I have been trying to figure out how to make what I thought would be a simple kernel to take the average of the values in a 2d matrix, but I am having some issues getting my thought process straight on it.
According to my deviceQuery output, my GPU has 16MP, 32cores/mp, blocks max is 1024x1024x64 and I have a max threads/block=1024.
So, I am working on processings some large images. Maybe 5000px x 3500px or something like that. One of my kernels is taking an average of some values across all pixels in the image.

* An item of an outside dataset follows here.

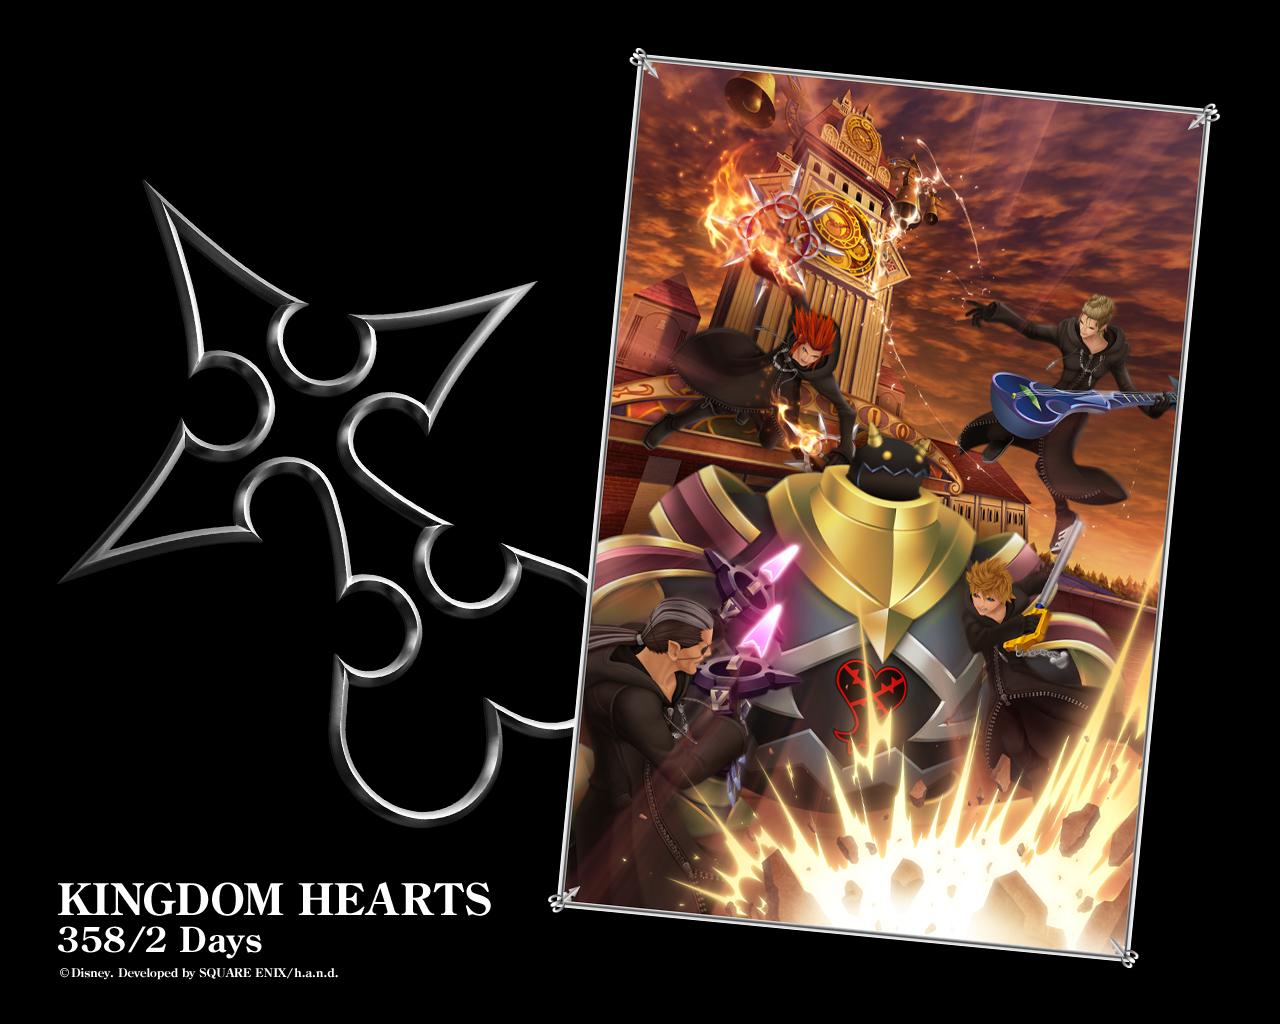 Kingdom Hearts 358 1 2 Days Wallpaper 5 1280 1024

The existing code has the images stored as a 2D array [rows][cols]. So that kernel, in C, looks like you'd expect, wtih a loop over rows, and a loop over cols, with the calculation in the middle.
So how do I set up the dimension calculation portion of this code in CUDA? I have looked at the reduction code int he SDK, but that is for a single dimension array. It doesnt have any mention of how to set up number of blocks and threads for when you have soemthing 2D.
I am thinking I'd actually need to set it up like so, and this is where I'd like someone to chime in and help:
num_threads=1024;
blocksX = num_cols/sqrt(num_threads);
blocksY = num_rows/sqrt(num_threads);
num_blocks = (num_rows*num_cols)/(blocksX*blocksY);
dim3 dimBlock(blocksX, blocksY, 1);
dim3 dimGrid(num_blocks, 1, 1);
Does this seem to make sense for the setup?
And then in the kernel, to work on a particular row or column, i'd have to use
rowidx = (blockIdx.x*blockDim.x)+threadId.x colidx = (blockIdx.y*blockDim.y)+threadId.y
At least I think that would work for getting a row and column.
How would I then access that particular row r and column c in the kernel? In the cuda programming guide I found the following code:
// Host code int width = 64, height = 64;
float* devPtr; size_t pitch;
cudaMallocPitch(&devPtr, &pitch, width * sizeof(float), height);
MyKernel<<<100, 512>>>(devPtr, pitch, width, height);
// Device code __global__ void MyKernel(float* devPtr, size_t pitch, int width, int height)
{
for (int r = 0; r < height; ++r)
{
float* row = (float*)((char*)devPtr + r * pitch);
for (int c = 0; c < width; ++c)
{
float element = row[c];
}
}
}
Which looks similar to how you'd use malloc in C to declare a 2D array, but it doesnt have any mention of accessing that array in your own kernel. I guess in my code, I will use that cudaMallocPitch call, and then perform a memcpy to get my data into the 2D array on the device?
Any tips appreciated! Thanks!